You can download the data from kaggle!
RunID | Timestamp | IterationNumber | 1D | 2D | |
---|---|---|---|---|---|
0 | 1 | 2025-09-10T01:00:18 | 0 | 0.221387 | 0.224860 |
1 | 1 | 2025-09-10T01:00:18 | 1 | 0.221286 | 0.224828 |
... | ... | ... | ... | ... | ... |
53046 | 54 | 2025-09-10T07:34:31 | 45 | 0.221656 | 0.223822 |
Figure 2.1: Preview of the gathered data
Data Analysis
Figure 3.1: Array traversal speed line plot
As shown in figure 3.1, the raw data reveals a clear trend despite some noise, including two noticeable spikes in the 2D array timings. When aggregated into their respective RunIDs
, the 1D array appears to have minor instability, nonetheless, it becomes clearer that the 1D array has faster times compared to the 2D array.
Figure 3.2: Array difference plot
After running preprocessing steps to compute the differences between the two groups, it became clear that the 1D array's speed outpaces the 2D array's performance. As seen in the histogram of figure 3.2, the 1D array proves to be faster by 0.00273 seconds compared to the 2D array.
Initially, I thought of removing the outliers using the Interquartile Range (IQR) method. However, after running the analysis, 26,494 rows out of a total 53,046 rows were classified as outliers. I felt that this approach was too aggressive as it would remove a significant portion of our dataset, therefore, I decided to retain all data, including the outliers. This will preserve the integrity of our dataset without risking the loss of information. After all, with a sample size of 53,046, our dataset should ideally be robust to outliers.

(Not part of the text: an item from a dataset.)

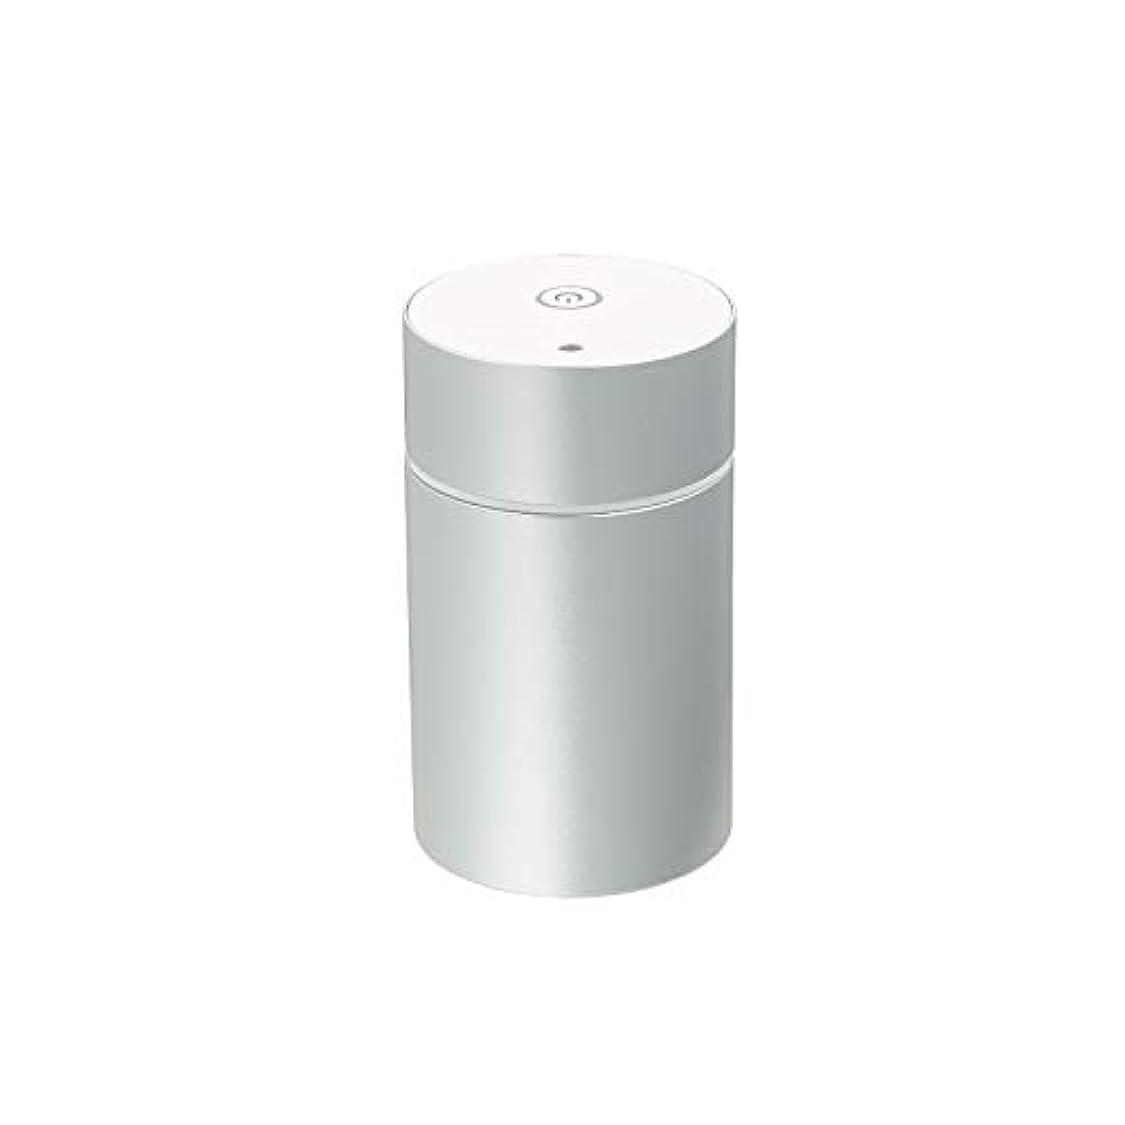 生活の木 アロマディフューザー(シルバー)aromore mini(アロモアミニ) 08-801-7010

Statistic | Raw 1D | Raw 2D | Difference |
---|---|---|---|
mean | 0.221200 | 0.223935 | -0.002734 |
std | 0.000480 | 0.000345 | 0.000573 |
min | 0.219484 | 0.221784 | -0.014332 |
25% | 0.220871 | 0.223713 | -0.003119 |
50% | 0.221153 | 0.223926 | -0.002766 |
75% | 0.221478 | 0.224143 | -0.002378 |
max | 0.223459 | 0.236197 | 0.000021 |
Figure 3.3: Summary statistics for raw data
As shown in figure 3.3, the summary statistics for the raw data further reinforces the insights we drew from the earlier data visualization:
- The 1D array tends to be faster, with a mean execution time of ~0.2212 seconds compared to the 2D array with a mean execution time of ~0.223935 seconds, showing a gap of ~0.002734 seconds per iteration.
- The standard deviation is slightly higher for the 1D array, indicating more variance and fluctuations in the access times. This might be due to cache behavior, though further tests would be required to confirm.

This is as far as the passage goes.